= Beginning of Section =

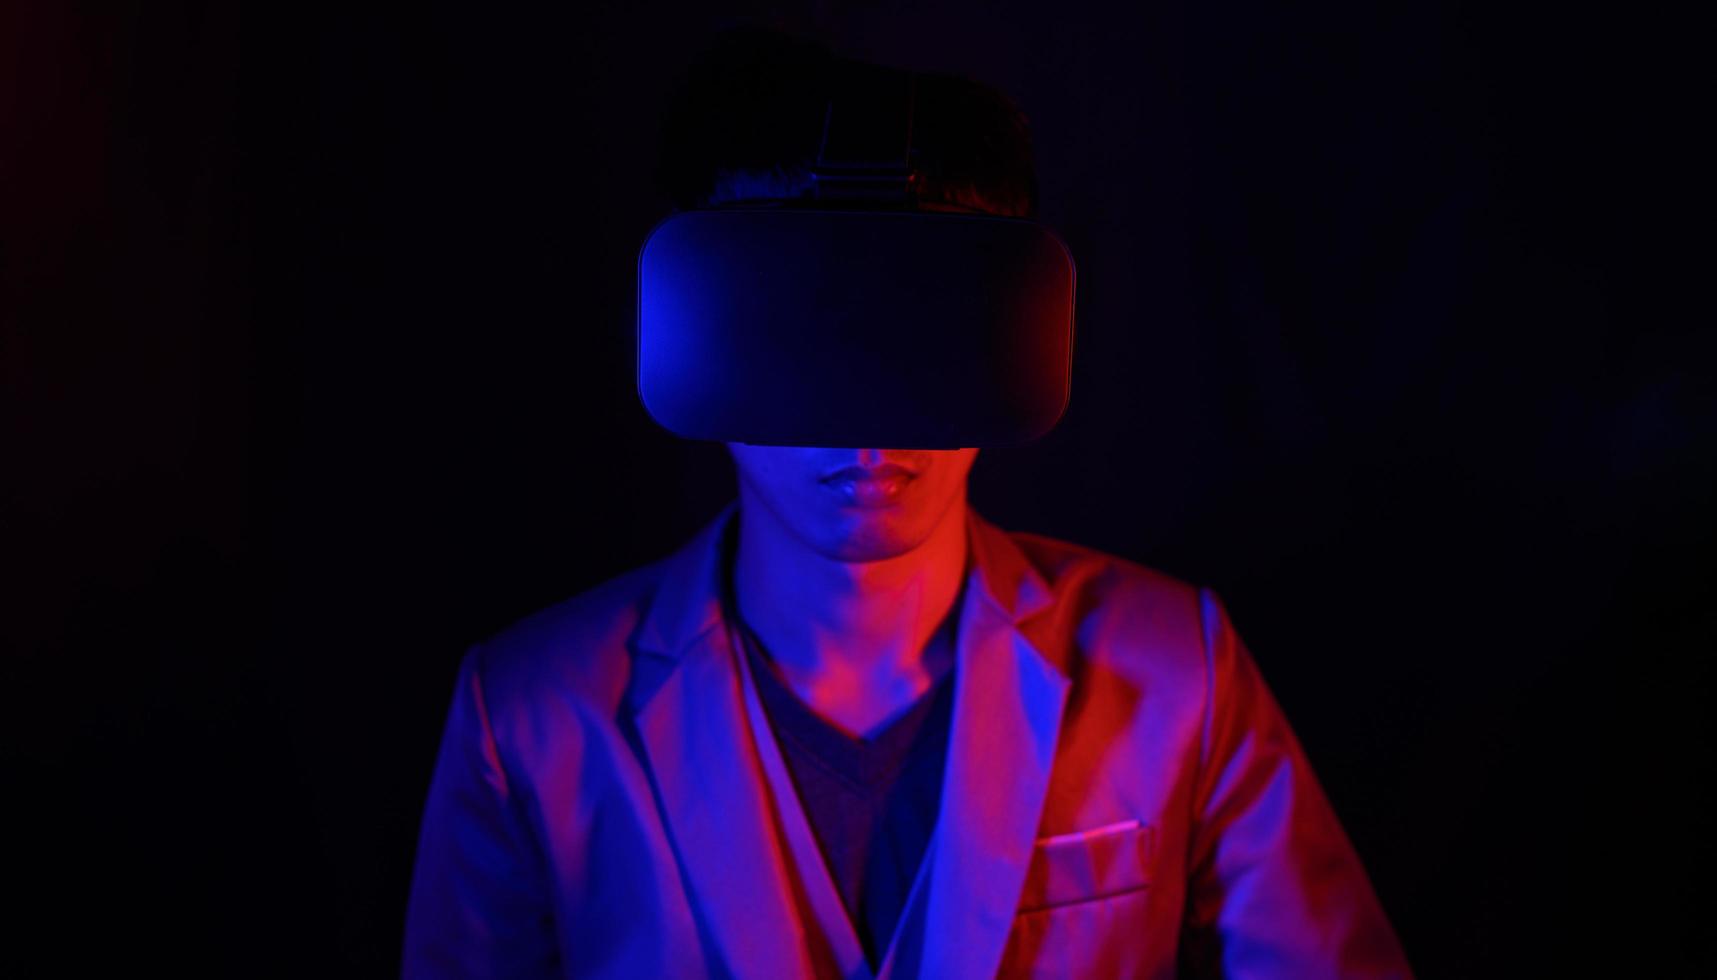 Brille der virtuellen Realität. Augmented Reality, Spiel, zukünftiges Technologiekonzept. vr simulierte welt der metaverse körperhaltung futuristisches kleid foto
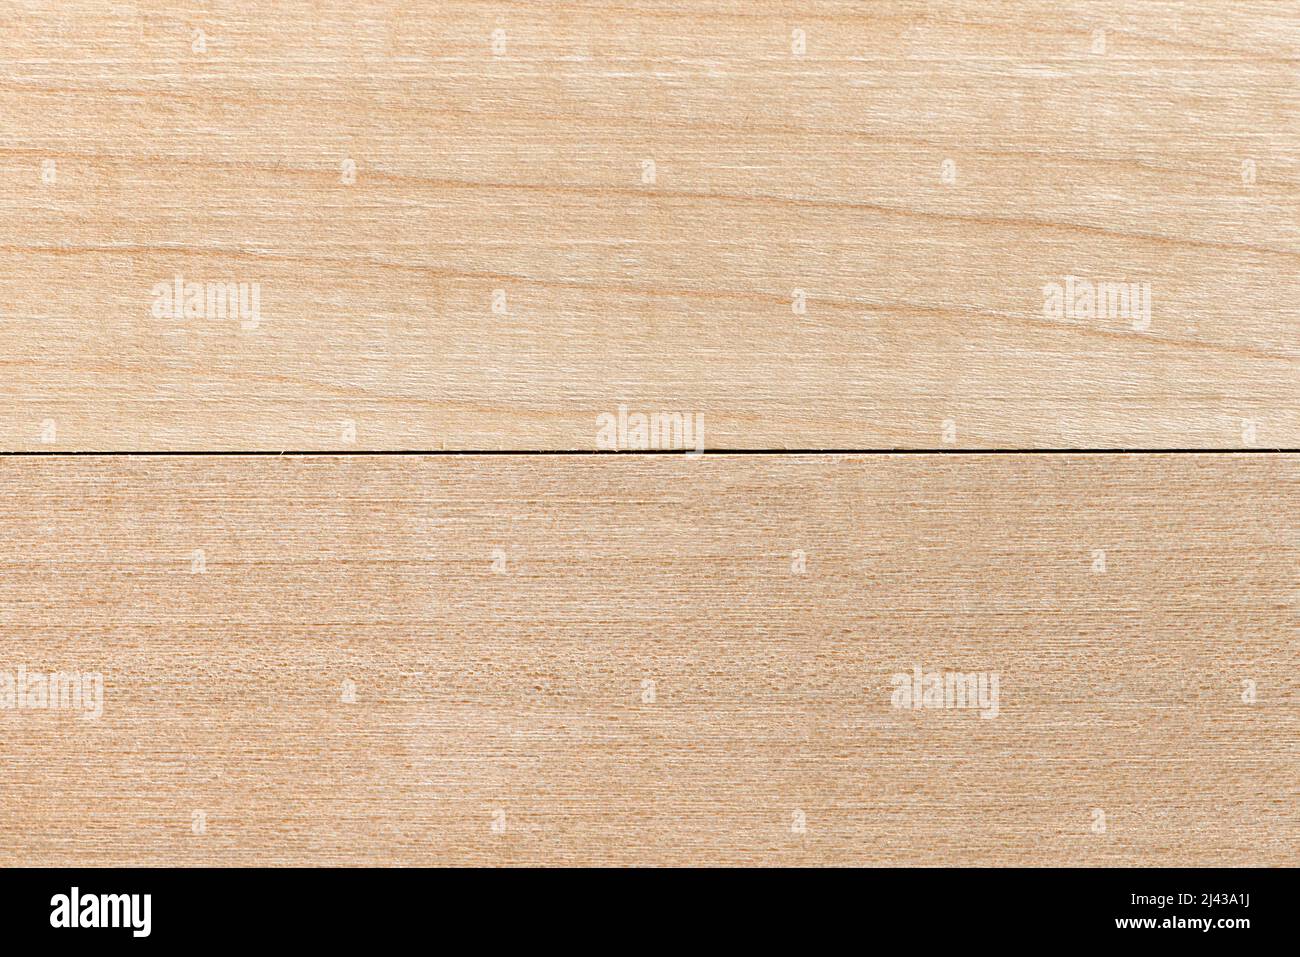 Die Textur eines Holzbretts. Hintergrund und Textur von hellem Holz. Nahaufnahme aus natürlichem Birkenholz. Unbemalter Fußboden in natürlichen Farbtönen Stockfoto
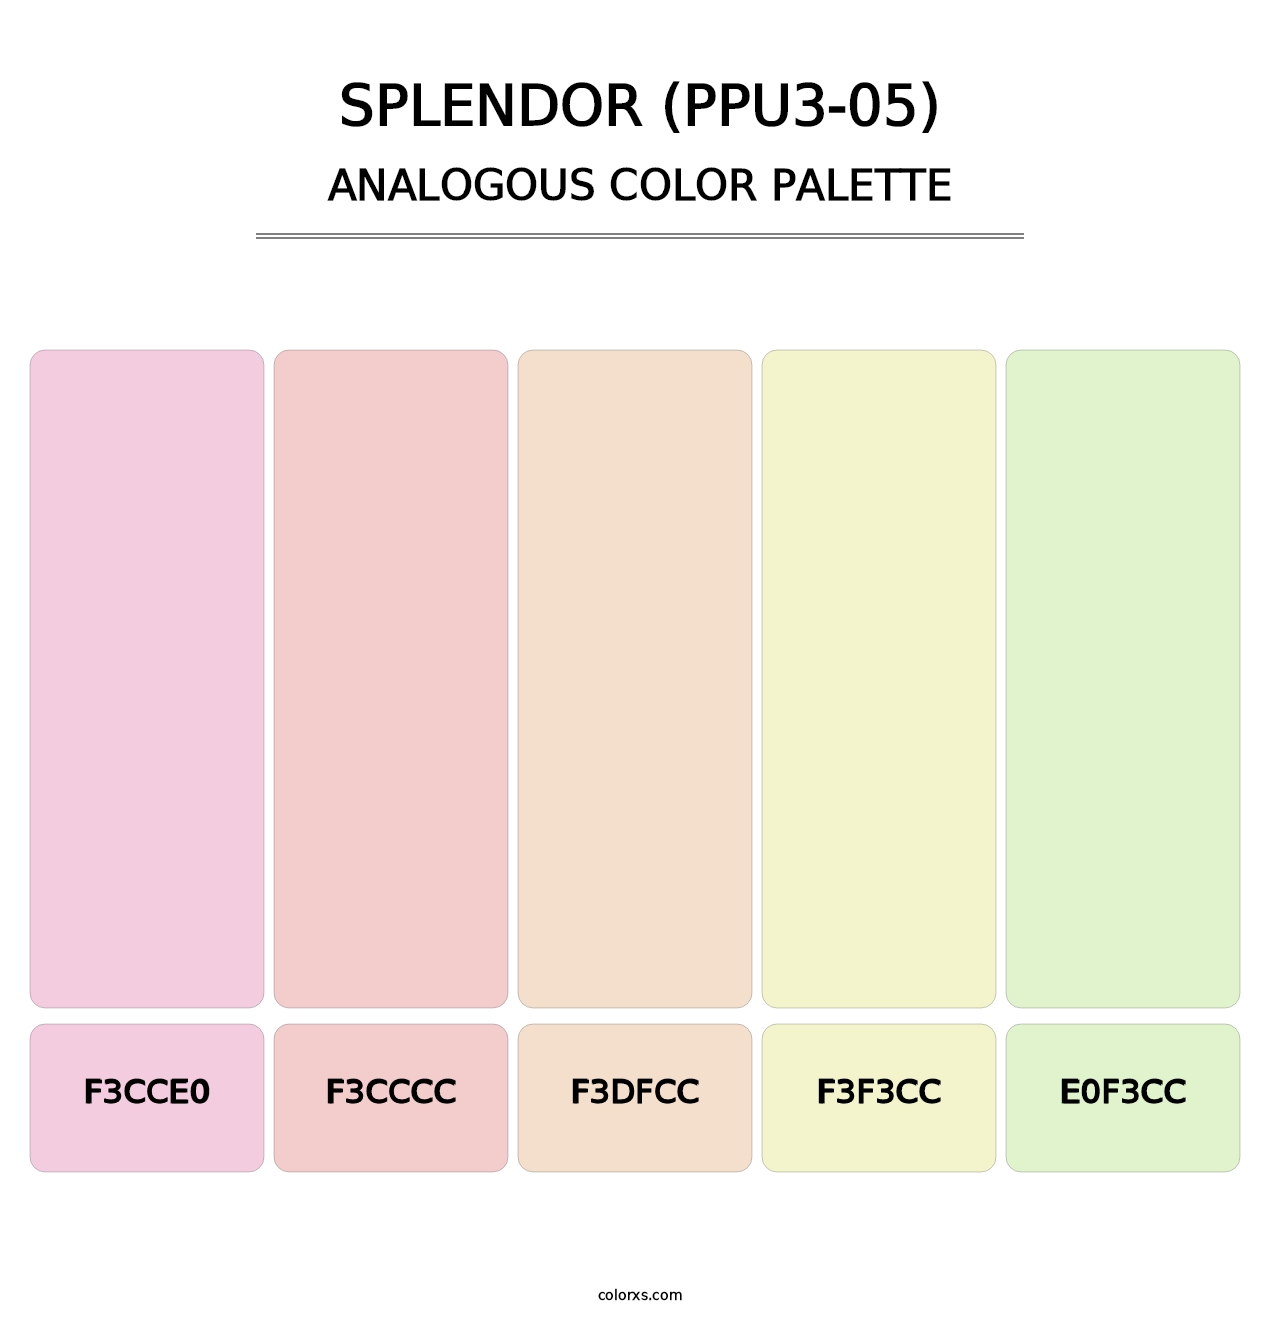 Splendor (PPU3-05) - Analogous Color Palette
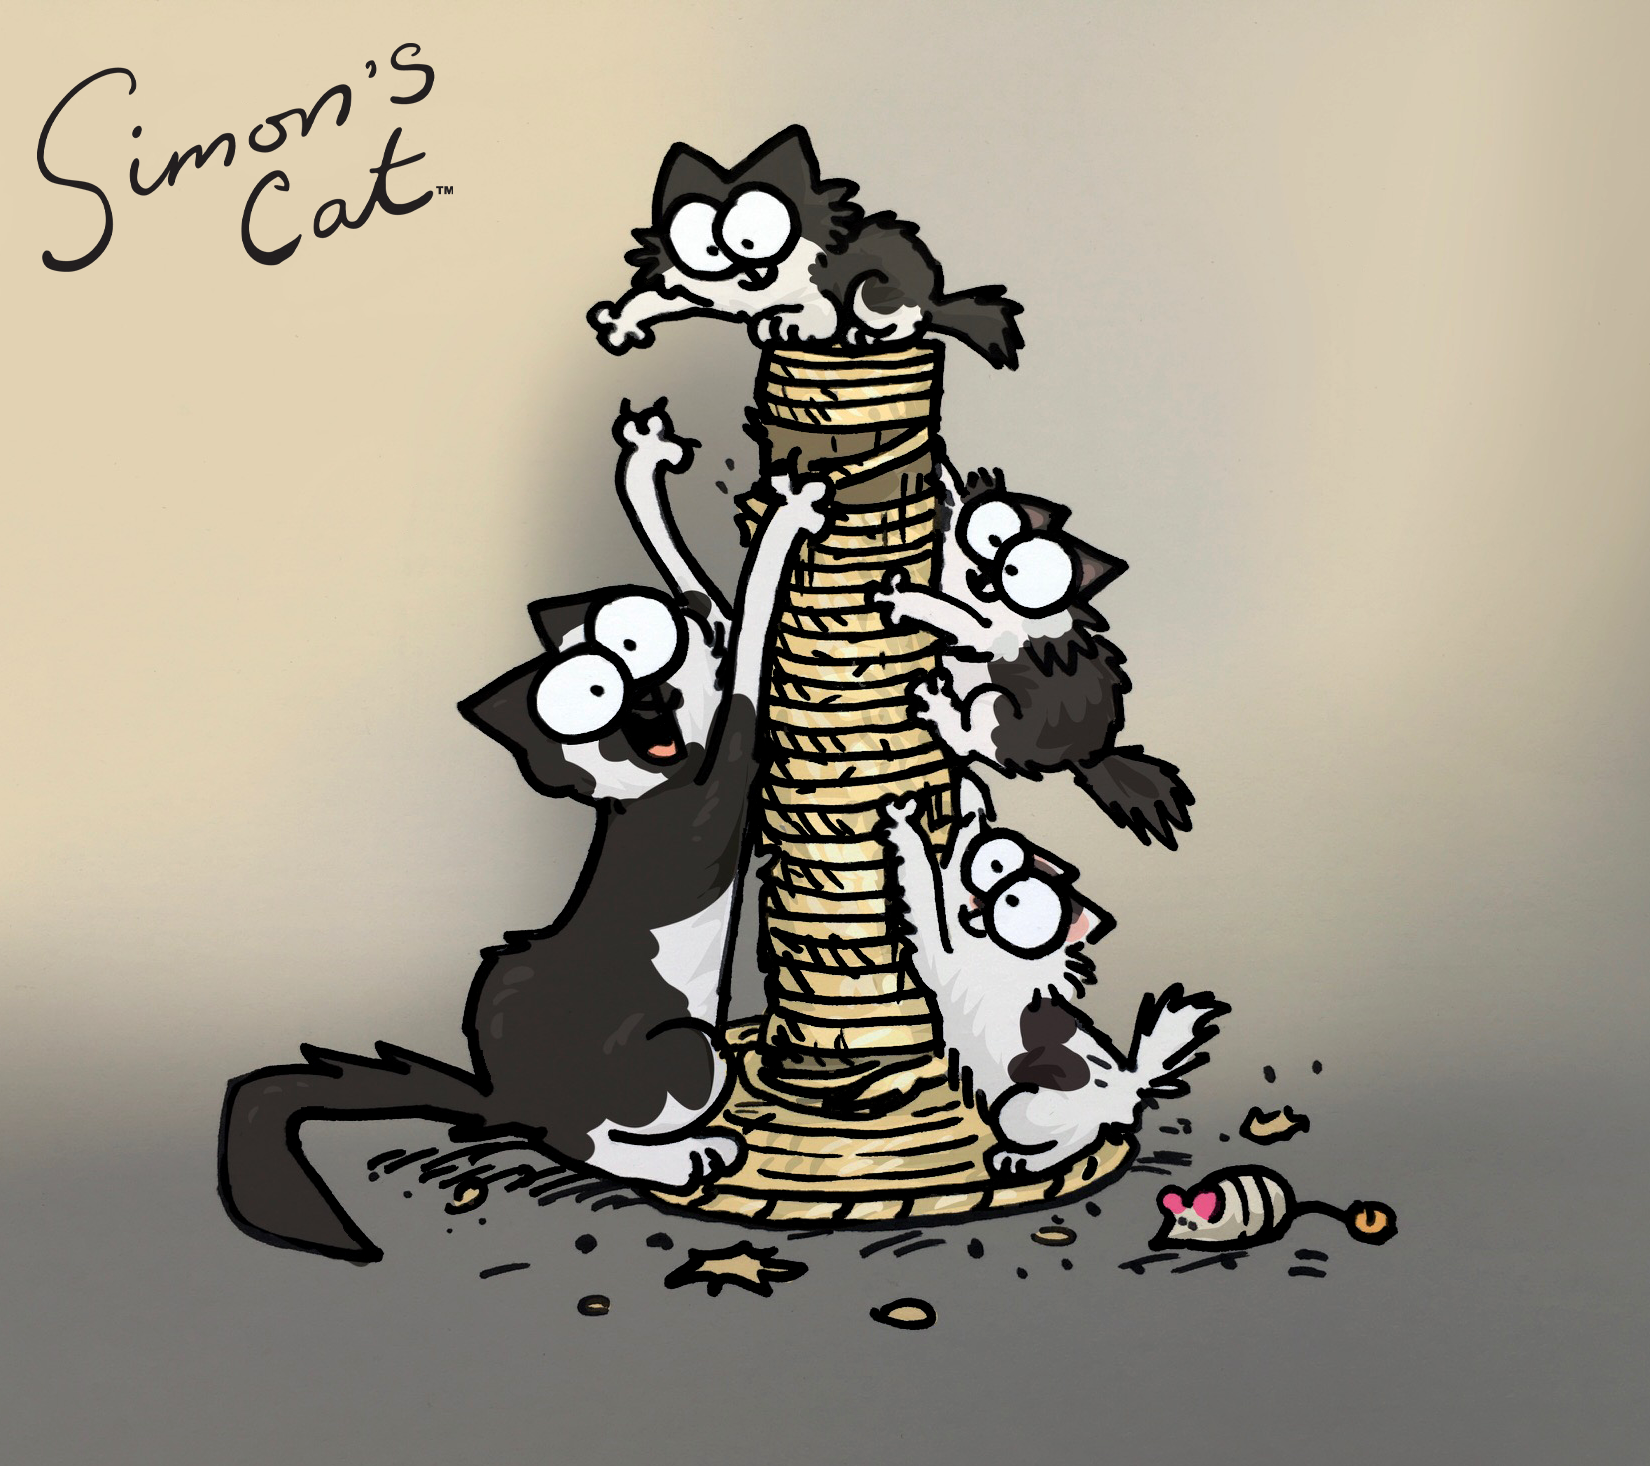 Sponsorkat Princess en haar schattige kittens zijn getekend door de beroemde illustrator Simon Tofield

= End of Section =

- WHAT NEEDS TO BE DONE: Every line from the top of the material above through the line with "Die Textur eines" should be duplicated exactly, please; leave out the pictures.

- RESULT FOR THIS EXERCISE:
 Brille der virtuellen Realität. Augmented Reality, Spiel, zukünftiges Technologiekonzept. vr simulierte welt der metaverse körperhaltung futuristisches kleid foto
 Die Textur eines Holzbretts. Hintergrund und Textur von hellem Holz. Nahaufnahme aus natürlichem Birkenholz. Unbemalter Fußboden in natürlichen Farbtönen Stockfoto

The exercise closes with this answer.